The Little Hot Dog Boy
Of course, I’m going to barbecue on July Fourth. I don’t particularly enjoy it, but regular readers know I’m all about keeping local traditions going.
I remember, when I was about five, how little kids were manipulated at multi-family July Fourth barbecues.
“Oh, and Little Rick will have a hot dog. Little Rick loves hot dogs! Don’t you honey? Right, honey?”
Actually, I hated them then and I don’t like them now. But everywhere I went for a dinner, I got a hot dog.

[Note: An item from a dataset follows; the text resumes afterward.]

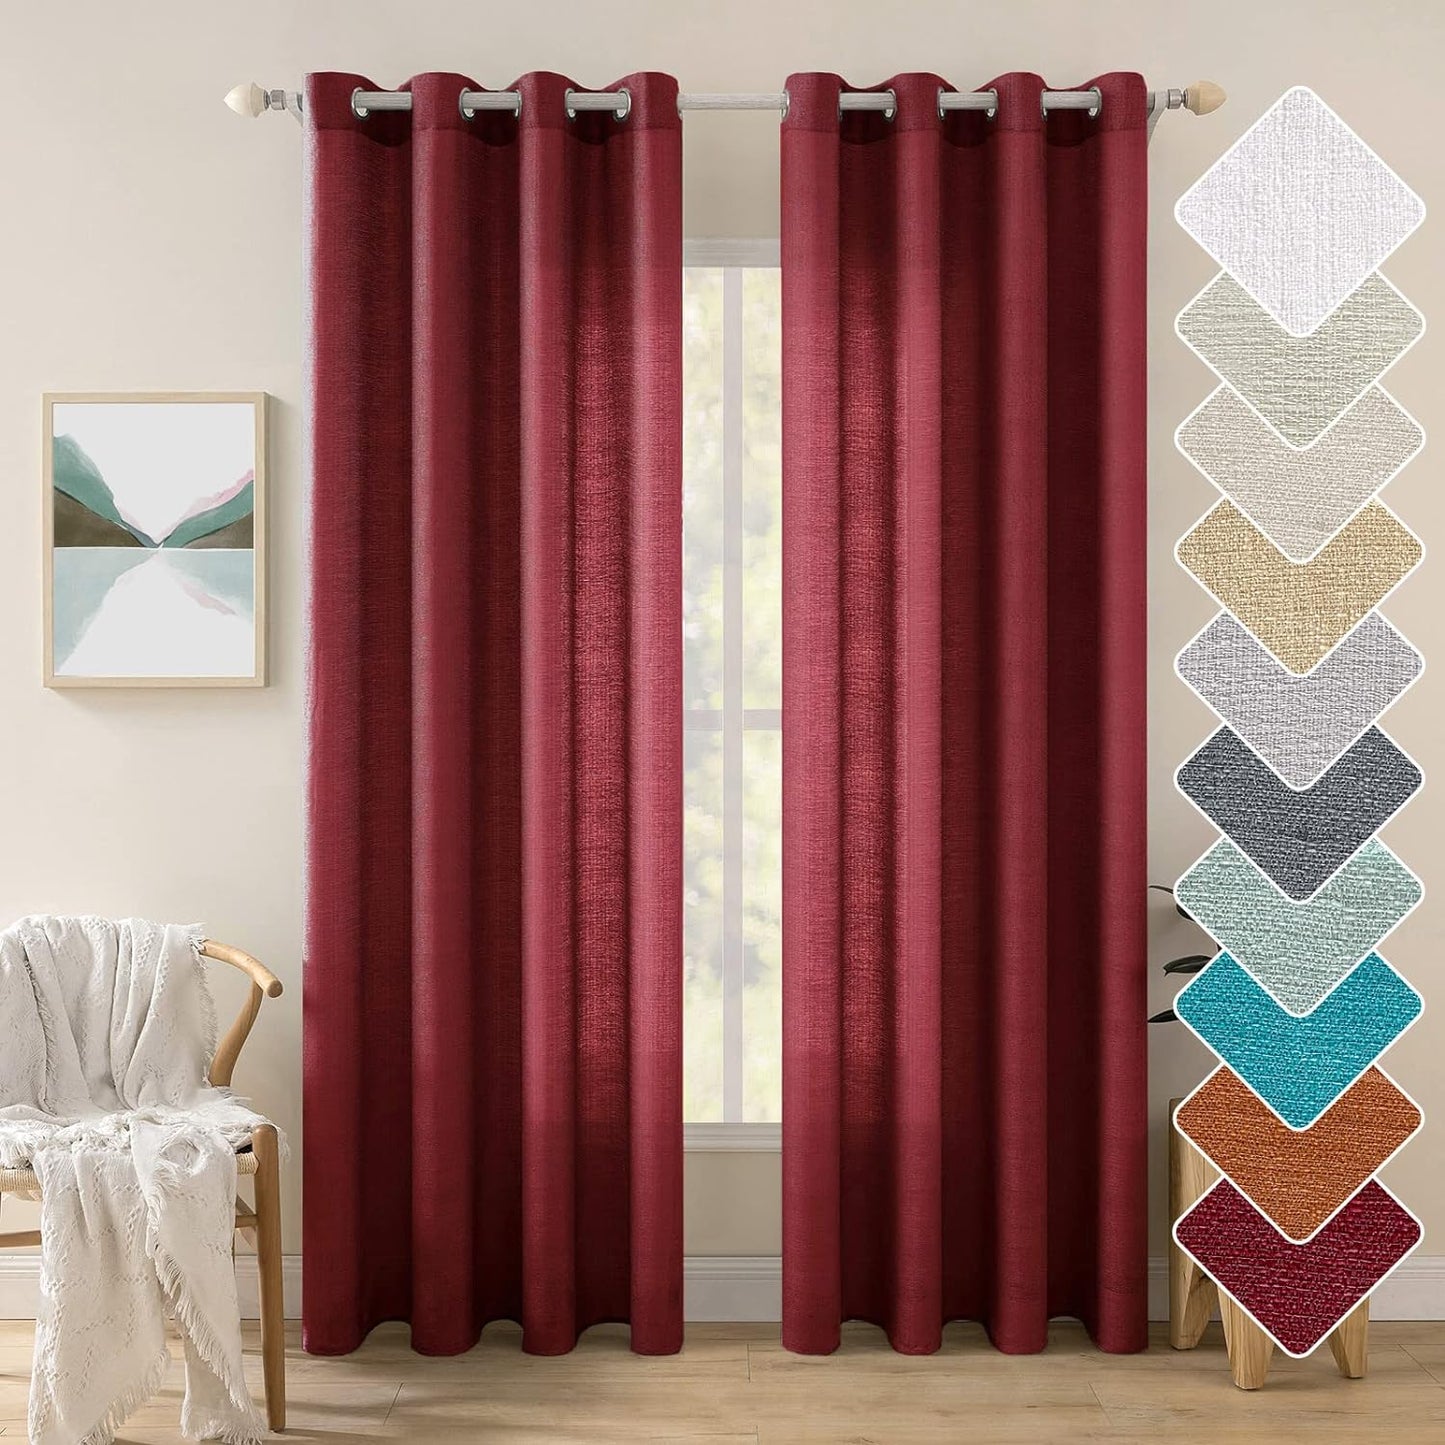 MIULEE Burnt Orange Linen Semi Sheer Curtains 2 Panels for Living Room Bedroom Linen Textured Light Filtering Privacy Window Curtains Terracotta Grommet Drapes Rust Boho Fall Decor W 52 X L 84 Inches  MIULEE Grommet | Burgundy Red W52 X L96

I didn’t take me long to realize the pecking order. The little kids would get hot dogs. That left Fat Uncle Ned and the other slobberin’ cousins garish amounts of steak to gnaw on. For the business model to work, a certain number of us had to eat hot dogs in order to afford five cases of beer.
This same principle is at play when we go the prix fixe dinners or two-for-one nights with our friends. (OK, when we used to have friends.) The server comes over and asks if we want a cocktail.
To me, this is the beginning of the perfect three-course dinner. The second course is when they say, “Sir, can I get you another?” And the third when they ask, “Would you care for an after-dinner drink?”
I know I’ll love the drinks. The food, on the other hand, is a crapshoot. I already know the prix fixe will be soup or a Caesar salad (someone remind me exactly why Caesar liked his lettuce brown and wilted), either chicken, salmon, or a pasta, and a sliver of some two-day old cake, and/or coffee, as if coffee is a “course.”
I am most assuredly the nightmare friend from hell to invite to these affairs because I drinks a bit.
The way I figure it, the only way to swallow that dried-up salmon is by ordering wine, and plenty of it.
This habit of mine will put Karen in a precarious position. She’ll elbow me and whisper, “We were only going to have one drink each!” Let’s get this straight: “We,” that being the people at the table, decided to limit drinking for the evening and didn’t inform me, the only genuine alkie in the place.
Oops. I guess opting for the Perrier over the table water was a buzzkill, too. In the last few years, servers have taken to pushing $9 bottles of water on restaurant diners. The waiter will brighten up and say with an engaging smile, “Shall I bring a bottle of Perrier to the table?” And then his face will turn dark and sullen and his voice will change into something Satanesque. “Or do you want poopy water?” he asks ominously. He leaves little choice. But I digress.
“Golly,” I said the other night between bites of the Chicken Surprise. “Don’t worry about the liquor bill. I already informed the maître d’ I would take care of it.”
This of course, was untrue. If for no other reason than this is the Hamptons — the maître d’ doesn’t speak English. But I played on. Yes, should we get a bottle of red AND a bottle of white?
Funny how the mood changed. All of a sudden, I had nine best friends. I let it soak in for a while until I reminded them that they were committed to a single glass each.
Back to the hot dogs. Never go to a Bring Your Own barbecue. If you are anything like me, you make a tray of antipasto and maybe some BBQ chicken breasts; Karen makes her signature dish Sardine Supreme that many of us discuss later on the bathroom line and remember not-so-fondly for a week.
Then Ned and the rest of the big lugs arrive carrying a pack of 99-cent hot dogs. They drink all their beer and eat your chicken. Maybe they are onto something.
On July Fourth, we celebrate life in America. You don’t have to choose between the soup and the salad. We are hated all over the world because of our perceived greed and selfishness. All of us are, to a certain extent, Uncle Ned. No one can stop us from eating steak. It’s what’s in the water that will kill ya.